34. What is the best way to use MFA-Duo when traveling?
    You can request a single-use passcode directly from the Duo Mobile app, even when your smartphone or tablet is in airplane mode or lacks cell service. Simply open the app and tap the down arrow or key icon located at the upper right-hand corner of your smartphone next to "San Diego County Office of E..." This will generate a six-digit temporary passcode. Enter the six-digit code provided on your smartphone in the Multi-Factor Authentication portal to complete the authentication process.
     
35. How can I authenticate if I need to change my SIM card?

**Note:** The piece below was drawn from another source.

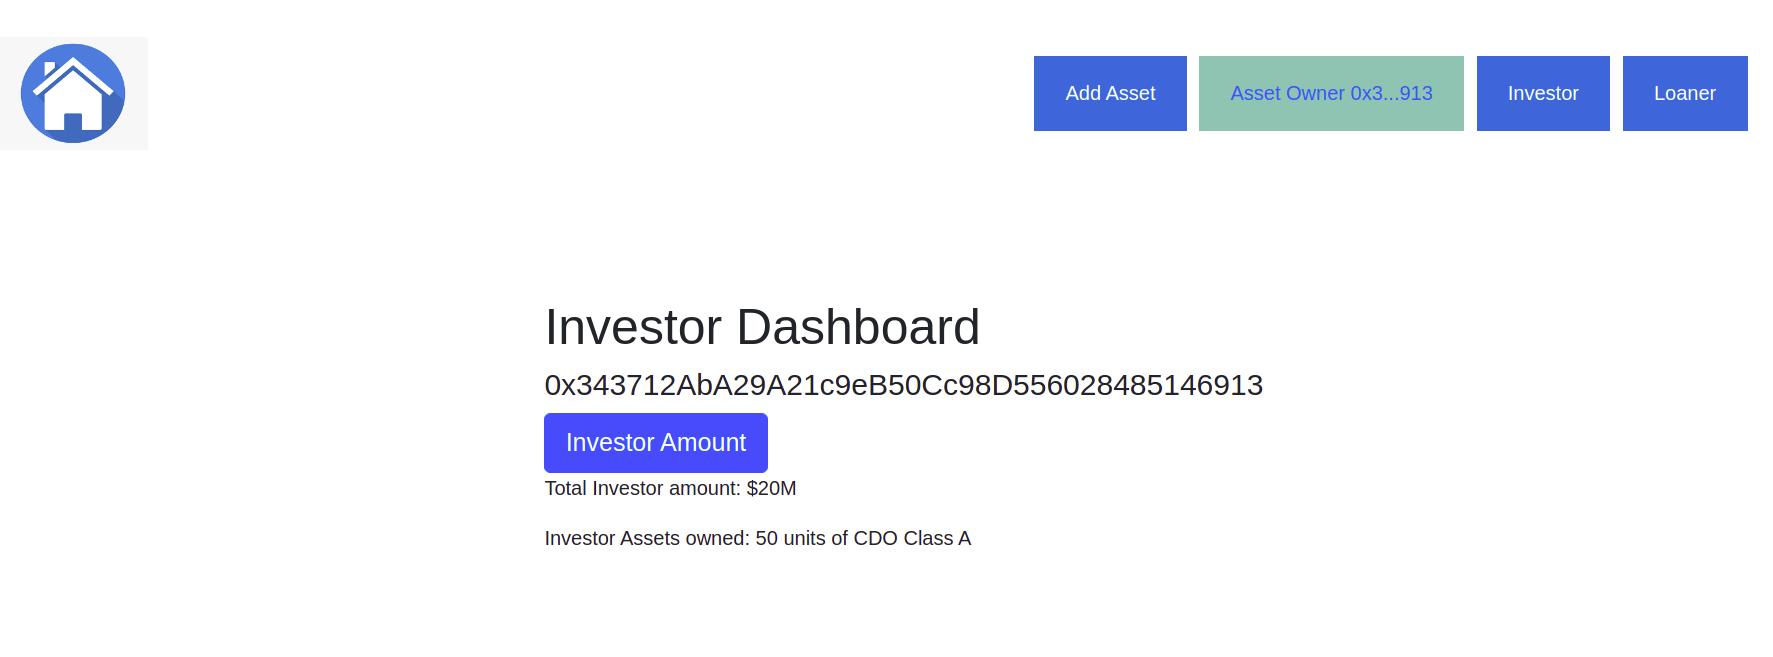 https://ethglobal.s3.amazonaws.com/recoBzad48VreDVmi/investor.png

    Changing your Mobile phone SIM card will not affect the way you authenticate (even if it changes your phone number) because the Duo Mobile app is tied to your smartphone’s hardware security module (HSM). You should still be able to accept a push or generate a passcode from the Duo Mobile app (even when your smartphone is in airplane mode or lacks cell/wi-fi service).
     
36. What if I don't have cellular or wireless (Wi-Fi) service on my smartphone?
    You cannot authenticate using Duo Push without internet access. You cannot authenticate with SMS without phone service. You can request a single-use passcode directly from the Duo Mobile app, even when your smartphone or tablet is in airplane mode or lacks cell service. Simply open the app and tap the down arrow or key icon located at the upper right-hand corner of your smartphone next to "San Diego County Office of E..." This will generate a six-digit temporary passcode. Enter the six-digit code provided on your smartphone in the Multi-Factor Authentication portal to complete the authentication process.
     
37. What do I have to do when I change my phone or add another phone?
    You may add new devices via the Duo self-service portal. If you upgrade to a new smartphone or want to add a tablet as a 2nd device. Be sure to deactivate your old devices and register the new one using the Duo self-service portal. You may also contact the ITS Computer Support Service at 858-298-2205 for assistance.
     
38. What do I need to do before using my mobile phone with MFA?
    SDCOE Employees will require to fill out SDCOE Secure Access (MFA) for Personal Mobile Phone Form.
     
39. Do I need to use MFA-Duo to login to my workstation?
    Not currently, though some systems will require this in the future.